И потом, я ведь плачу за предательство, рассказывая им о трупе. Само по себе это ничего не доказывает, но таким образом я вынуждаю их привезти меня в Стратспелд на похороны. Я могу заглянуть Макданну в глаза и сказать ему всю правду, а он знает, что это правда, и возьмет меня. Так я думаю.
И возможно, этим актом предательства я в конце концов смогу освободиться от груза тайного страха, который связал меня с Энди двадцать лет назад, и теперь я (избавившись от того греха) могу предать его еще раз.

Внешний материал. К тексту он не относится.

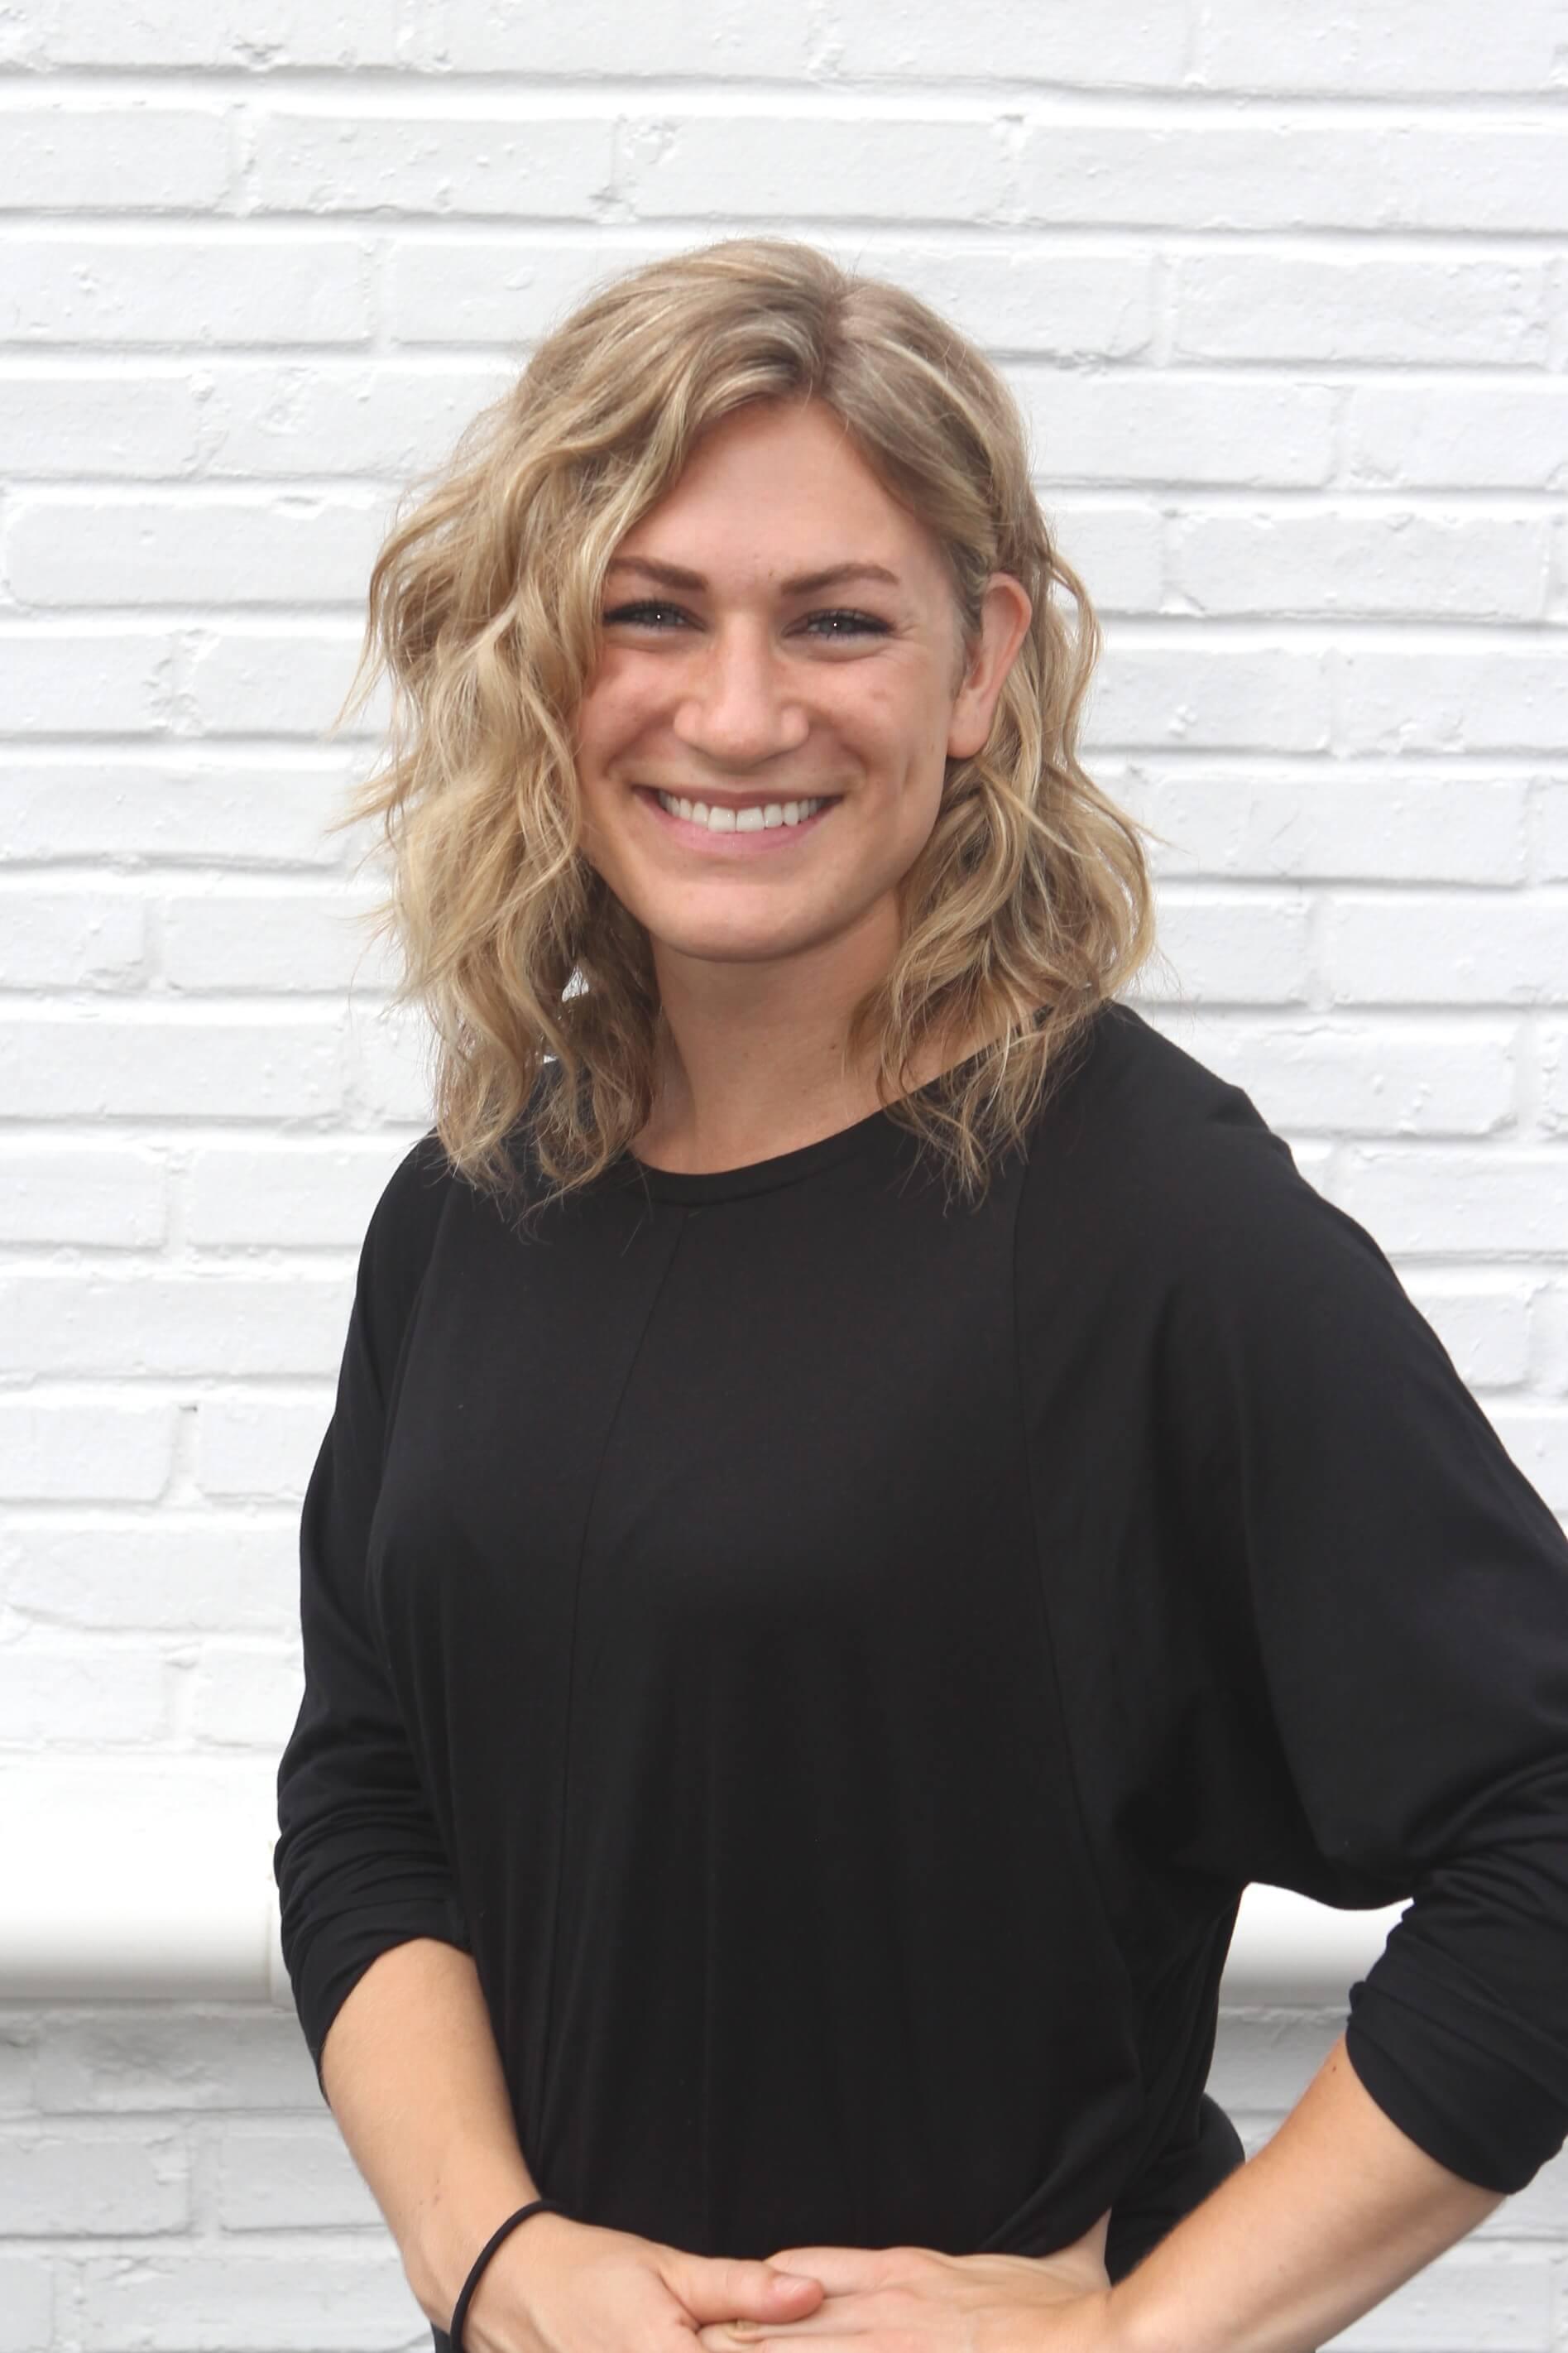 Alexandra Hoerr Child Therapist and Play Therapist

Макданн в это утро появляется очень рано, мы все в той же старой комнате, где проводятся допросы. Это место мне хорошо знакомо, оно для меня уже как дом и приобретает оттенок иллюзорного уюта. Макданн стоит за столом, курит. Он кивает мне на стул, я сажусь и зеваю. Но вообще-то эту ночь я спал довольно хорошо — в первый раз с тех пор, как попал сюда.